Sin embargo, cumplir con la NOM-035 no sustituye un protocolo de atención ante crisis emocionales. Ambos esfuerzos pueden complementarse dentro de una estrategia más amplia de salud, seguridad y bienestar.

¿Los beneficios de la empresa están preparados?

Contar con beneficios no garantiza que el personal sepa utilizarlos. Por ello, las empresas deberían revisar periódicamente:

  • Si el seguro o programa de salud contempla atención psicológica o psiquiátrica.
  • Si existe telemedicina, orientación emocional o asistencia telefónica.
  • Qué servicio debe utilizarse durante una emergencia.
  • Si hay límites, requisitos, horarios o redes específicas.
  • Cómo se comunica esta información al personal.
  • Si los teléfonos y procedimientos continúan vigentes.

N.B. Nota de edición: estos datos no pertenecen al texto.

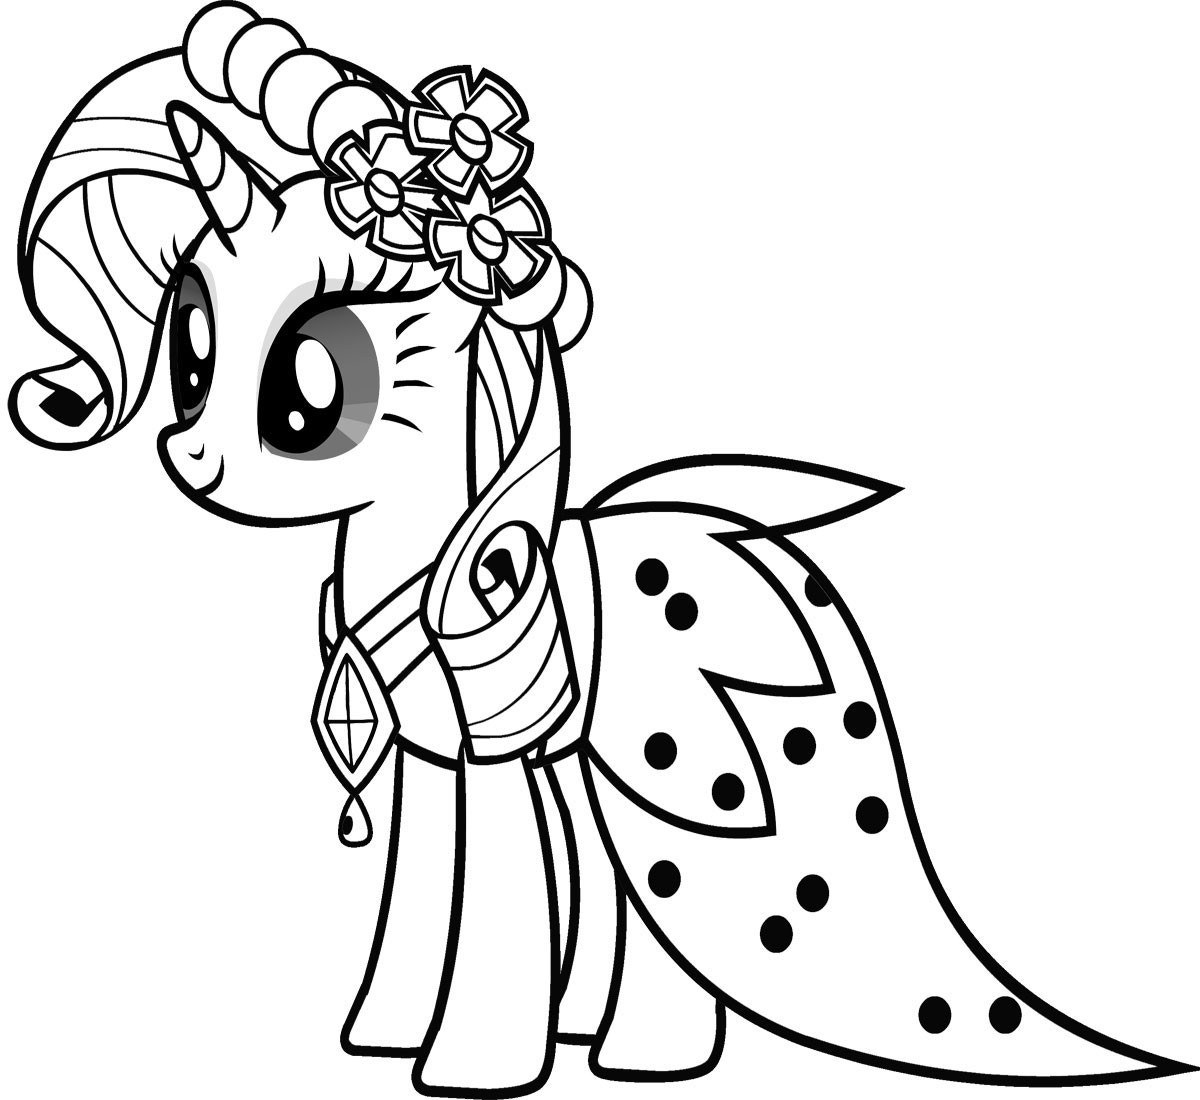 Coloring Pages Online
 Free Printable My Little Pony Coloring Pages For Kids

Asimismo, es importante no asumir que todas las pólizas o programas incluyen las mismas prestaciones. Las condiciones deben revisarse directamente en cada contrato.

Recursos de apoyo en México

Línea de la Vida

Ofrece orientación y apoyo ante problemas de salud mental:

Teléfono: 800 911 2000
Sitio: Línea de la Vida

LOCATEL en la Ciudad de México

Su Línea de Prevención del Suicidio brinda apoyo psicológico por teléfono y chat las 24 horas, los 365 días del año:

Teléfonos: *0311 o 55 5658 1111
Sitio: Línea de Prevención del Suicidio de LOCATEL

Emergencias

Ante un peligro inmediato, llama al 911.

Una empresa preparada también sabe escuchar

Una estrategia de Wellness no evita por sí sola todas las crisis emocionales. Sin embargo, puede facilitar que una persona encuentre ayuda sin miedo a ser juzgada, ignorada o sancionada.

La prevención comienza con una cultura de respeto, pero también requiere protocolos, capacitación, beneficios accesibles y una red profesional de apoyo.

En Global Assurance Brokers podemos ayudarte a revisar los beneficios de salud y bienestar disponibles para tu equipo, así como a comunicar sus alcances de manera clara.

Porque cuidar a una organización también significa cuidar a las personas que la hacen posible.

Aviso: Este contenido es informativo y no sustituye la valoración ni la atención de profesionales de la salud mental. Ante una emergencia o peligro inmediato, llama al 911.